→ **Task statement**
Restate the listing below word for word, and leave its pictures behind.

→ **Collected material**
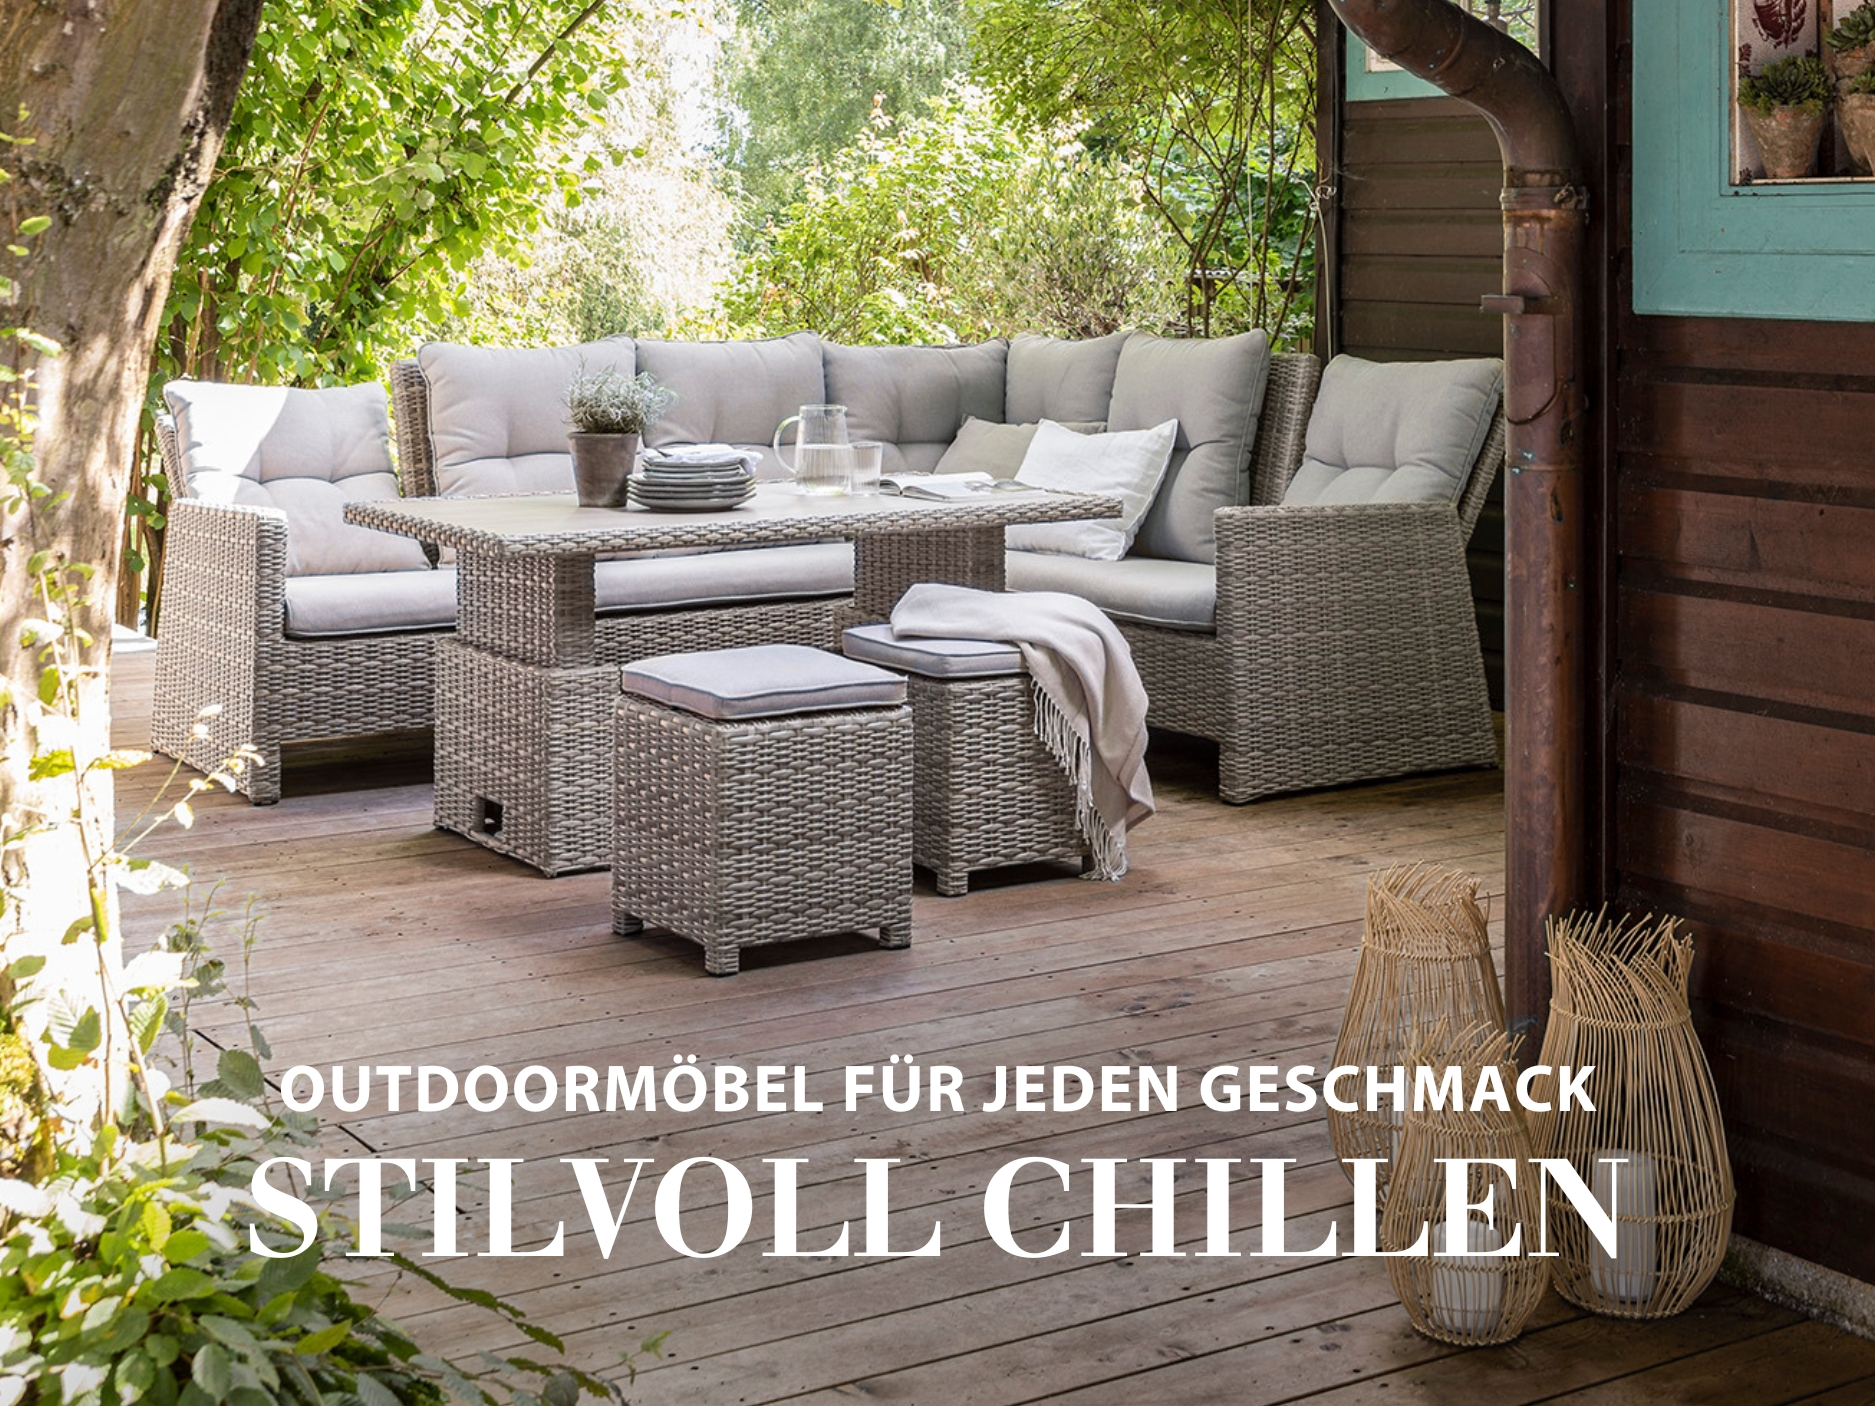 Stilvoll chillen - Outdoor-Möbel für jeden Geschmack
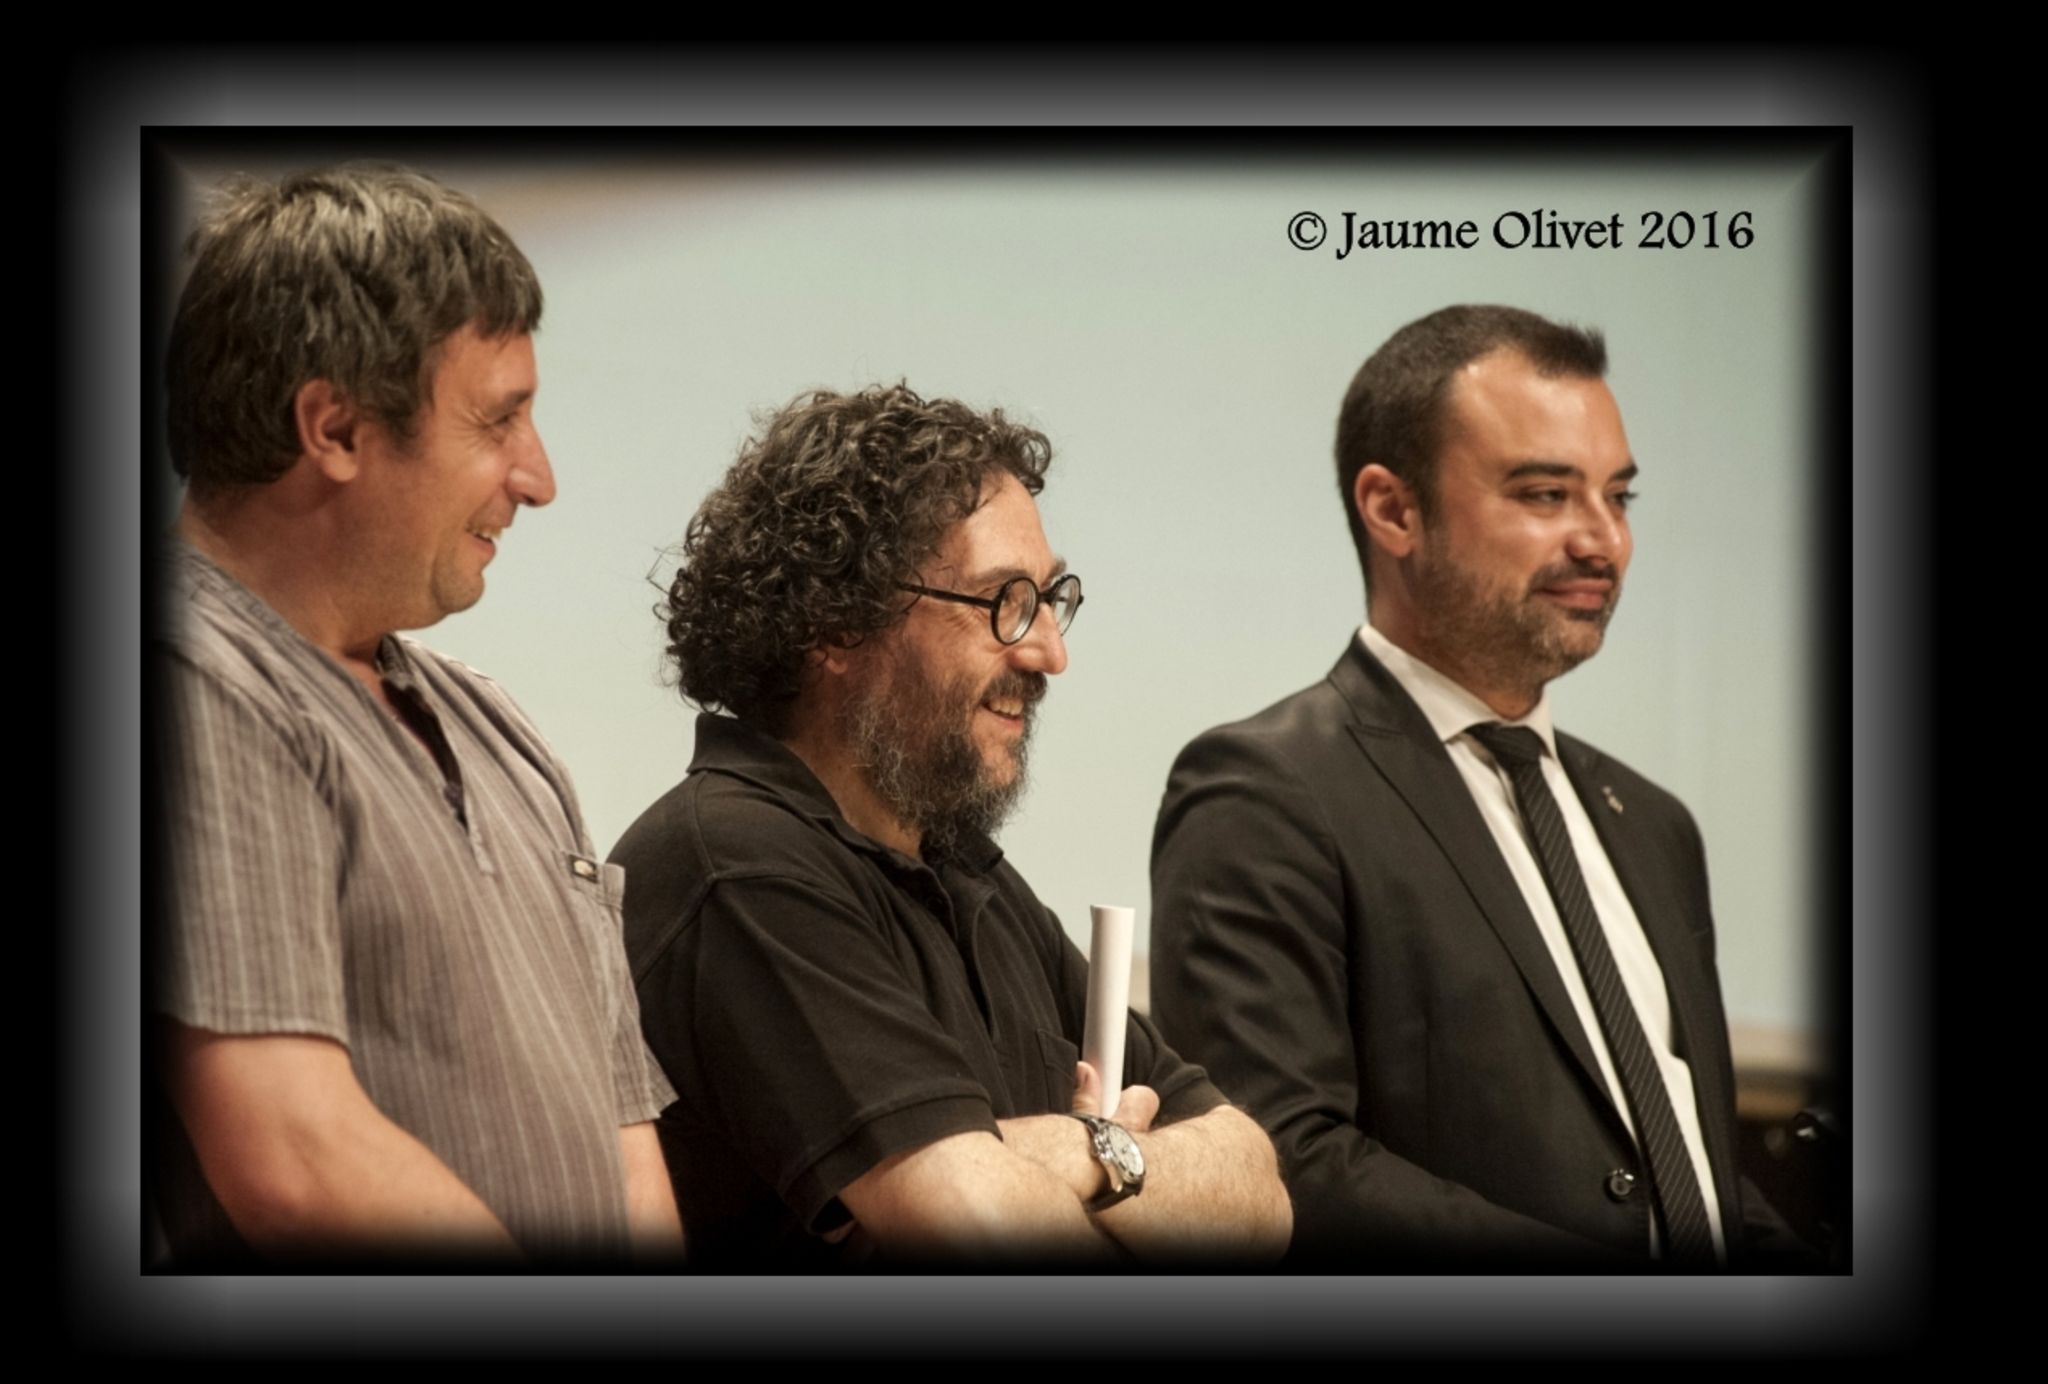  Jaume Olivet 2016 
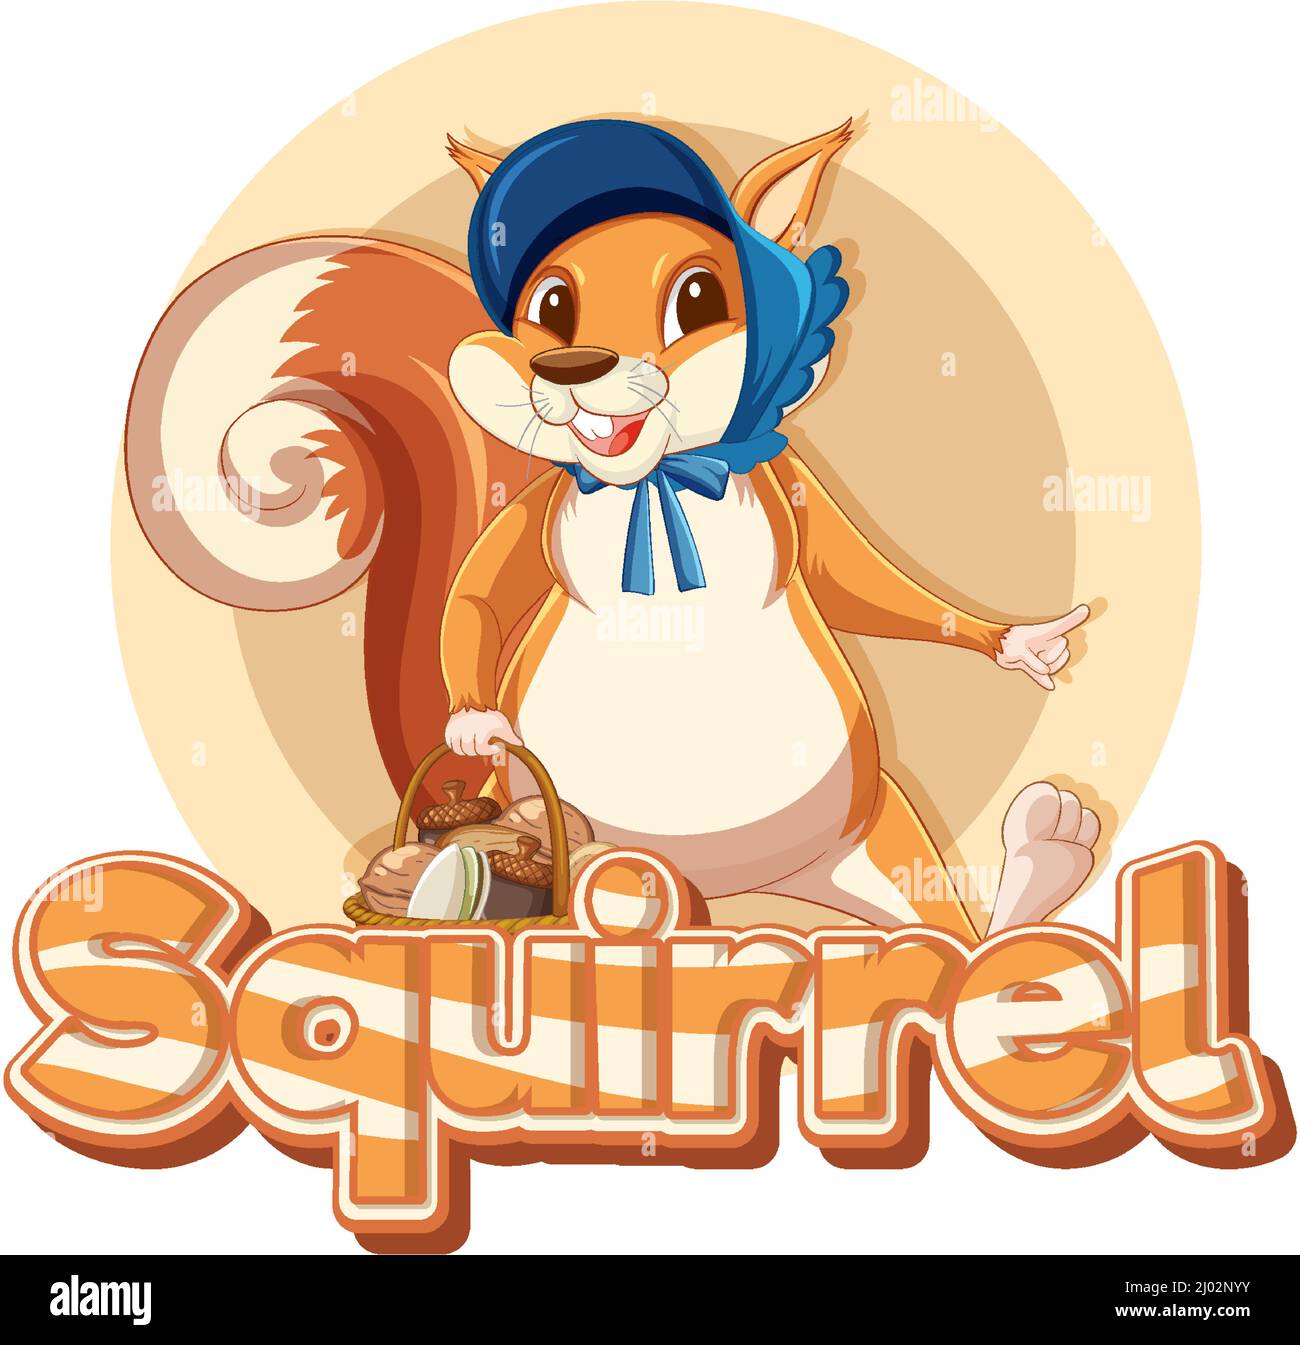 The Word Squirrel Immagini e Fotos Stock - Alamy

→ **Solution to this exercise**
 Stilvoll chillen - Outdoor-Möbel für jeden Geschmack
  Jaume Olivet 2016 
 The Word Squirrel Immagini e Fotos Stock - Alamy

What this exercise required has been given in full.